After more than 900 days without playing in an NBA game, Klay Thompson understandably did not return as the same player. Sure, he was still capable of elite shooting in a given moment, but his comeback was defined by uncharacteristic cold streaks, glitchy decision-making and decreased mobility.
Draymond Green, at age 32, is not the athlete he once was. He’s still one of the smartest players in the league, but playing center at 6-6, even a minor loss of bounce becomes a big deal. And it often was in these playoffs, where he struggled to do much of anything on offense most nights.
And then there’s Andrew Wiggins, who came out of 5½ seasons with the Timberwolves with a reputation as a player who didn’t fight hard enough, didn’t shoot particularly well and wouldn’t have the gumption to thrive under playoff pressure.
Wiggins, it turns out, was the Warriors’ second-best player in the postseason. He was legitimately terrific most of the time, not just with his scoring but with his sustained defensive intensity and willingness to mix it up physically on the glass. Wiggins’ effort was unquestionably the difference between the Warriors winning a championship and going home a few weeks ago.
When the final seconds ticked away in Game 6 and the Warriors had secured the title with a 103-90 victory, Curry’s thoughts immediately went to what the franchise had been through since losing the Finals to the Raptors in 2019. After Thompson’s devastating torn ACL in that series and Kevin Durant’s decision to leave for the Nets, the Warriors had the worst record in the league in 2020 and lost in the play-in game in 2021. Winning the title again seemed like a long shot.
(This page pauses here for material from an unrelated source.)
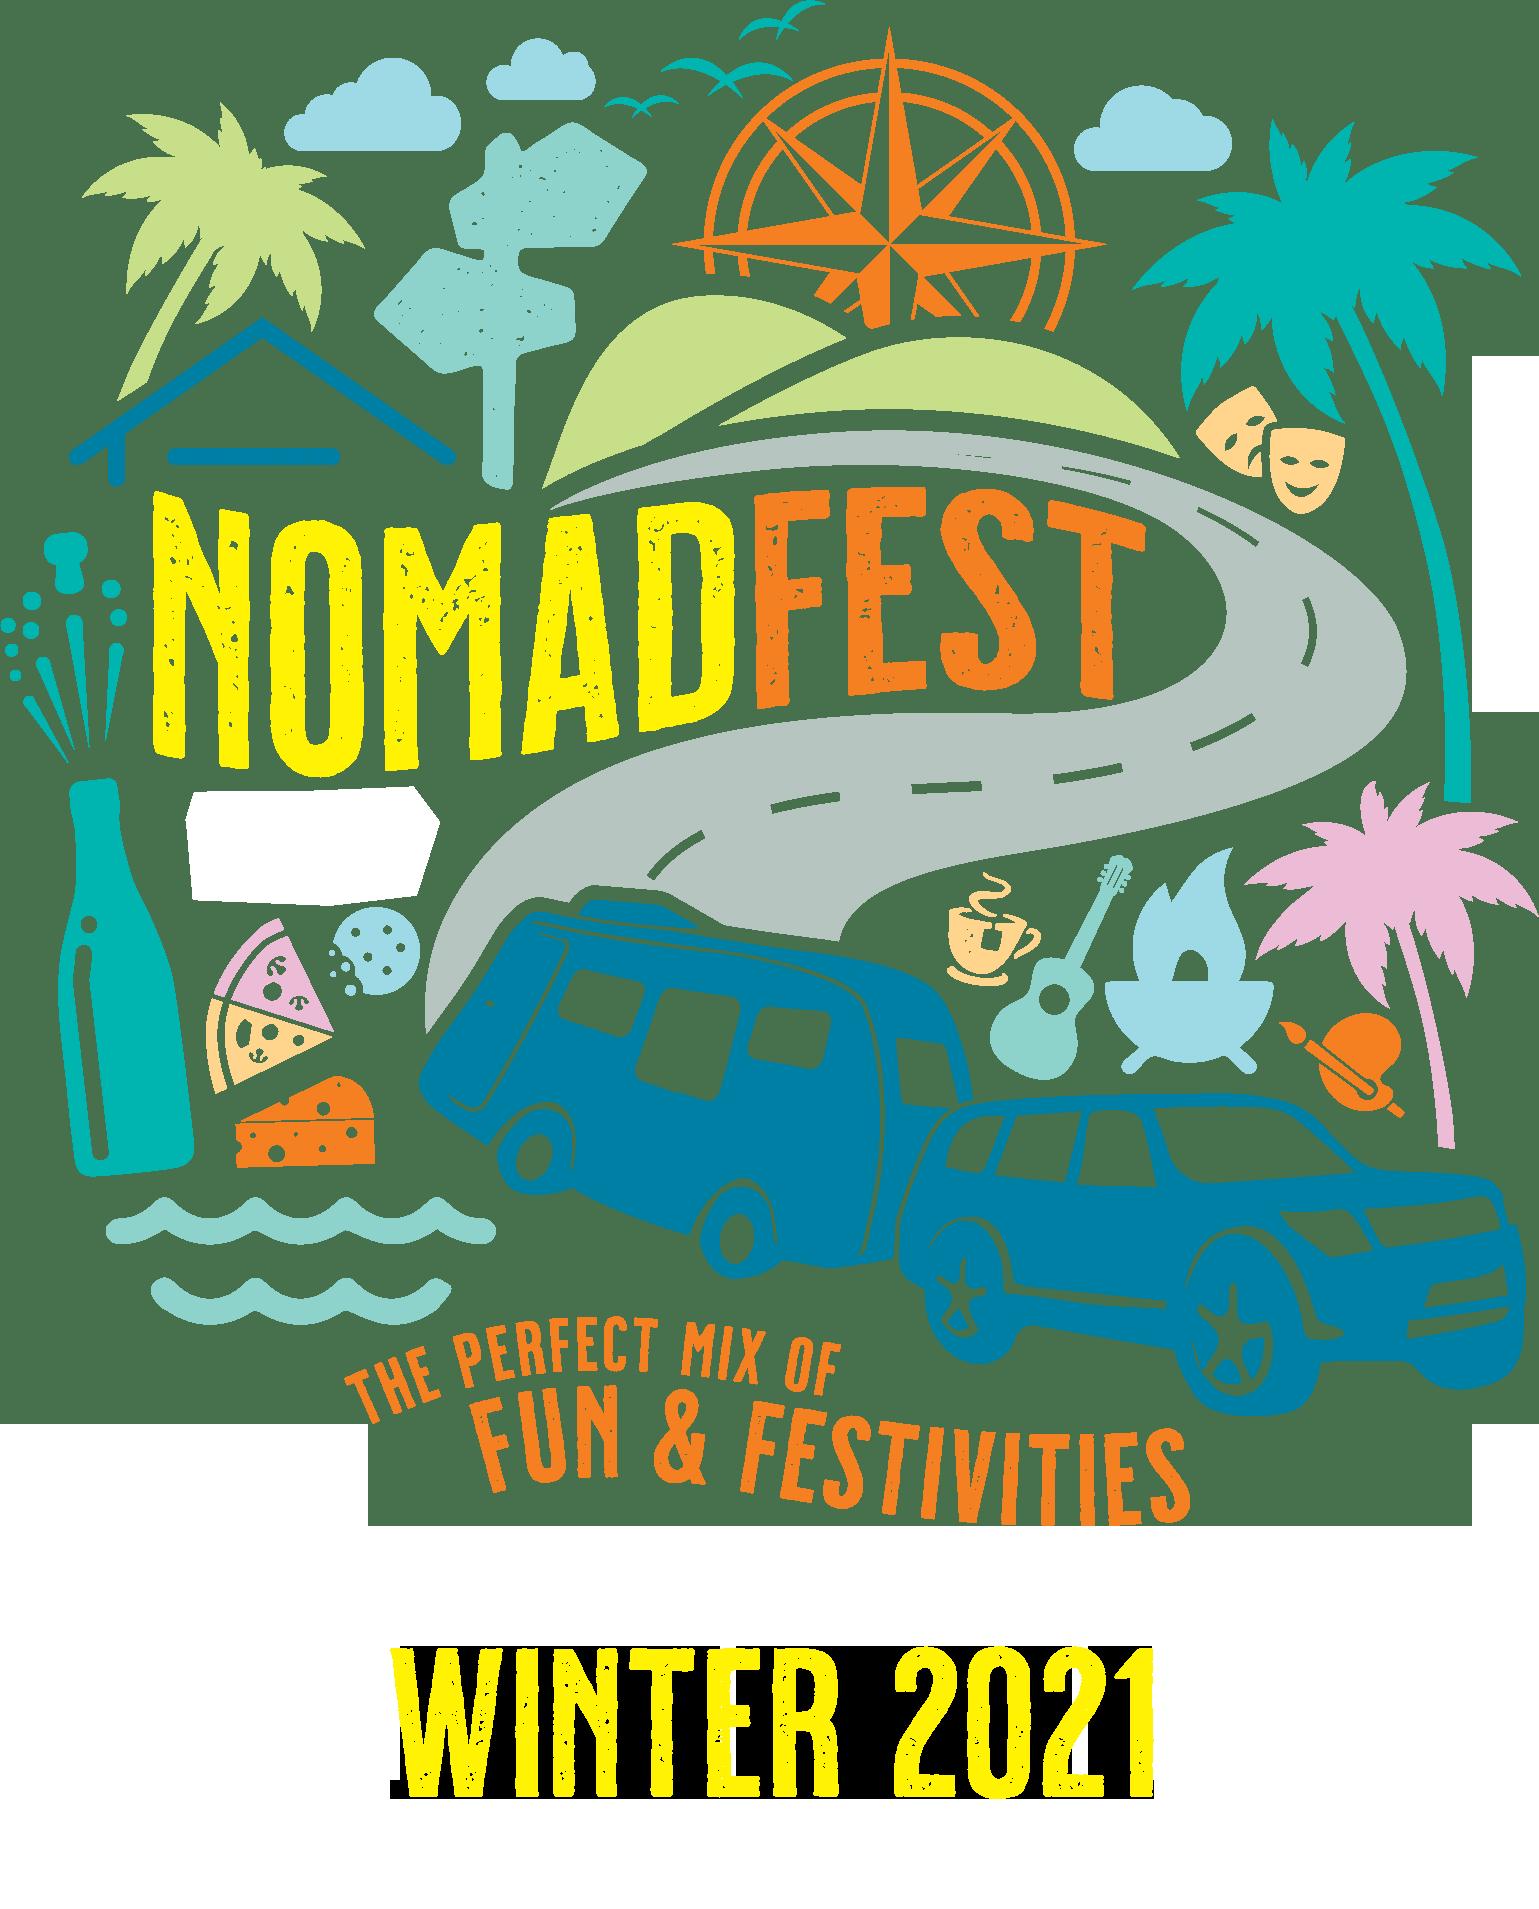 LAT25 NOMADFEST PAGE HERO LOGO WINTER2021 - NomadFest

‘‘We were so far away from it,’’ Curry said on ABC. ‘‘We were here five straight years and got three of them and then hit rock bottom . . . . You never know when you’ll be back here. To get back here and get it done means the world.’’
But the most important lesson to take from this NBA season is that it’s a league in transition. Many of the stalwarts of the last
decade, such as James, Kawhi Leonard and Anthony Davis, are either old or injured. The superteam model didn’t work for the Nets with Durant and Kyrie Irving. And young stars that have had a taste of playoff success, such as Luka Doncic, Ja Morant and Trae Young, just don’t have enough experience or help yet to make a legitimate push.
The Celtics almost got there with a team led by 24-year-old Jayson Tatum and 25-yearold Jaylen Brown, two outstanding individual scorers and defenders whose competitive focus was too inconsistent to beat a team as experienced as the Warriors.
Perhaps the Celtics will get back here, but it’s no guarantee. This is as wide-open as the NBA has been in a while, and we well might be entering an era in which a revolving door of teams competes for the title, depending on health, luck and who’s playing well.
That is a huge advantage for teams that know how to win — teams such as the Warriors, who largely stayed together for the last decade and retained the muscle memory of what it takes and how difficult it is to chase championships.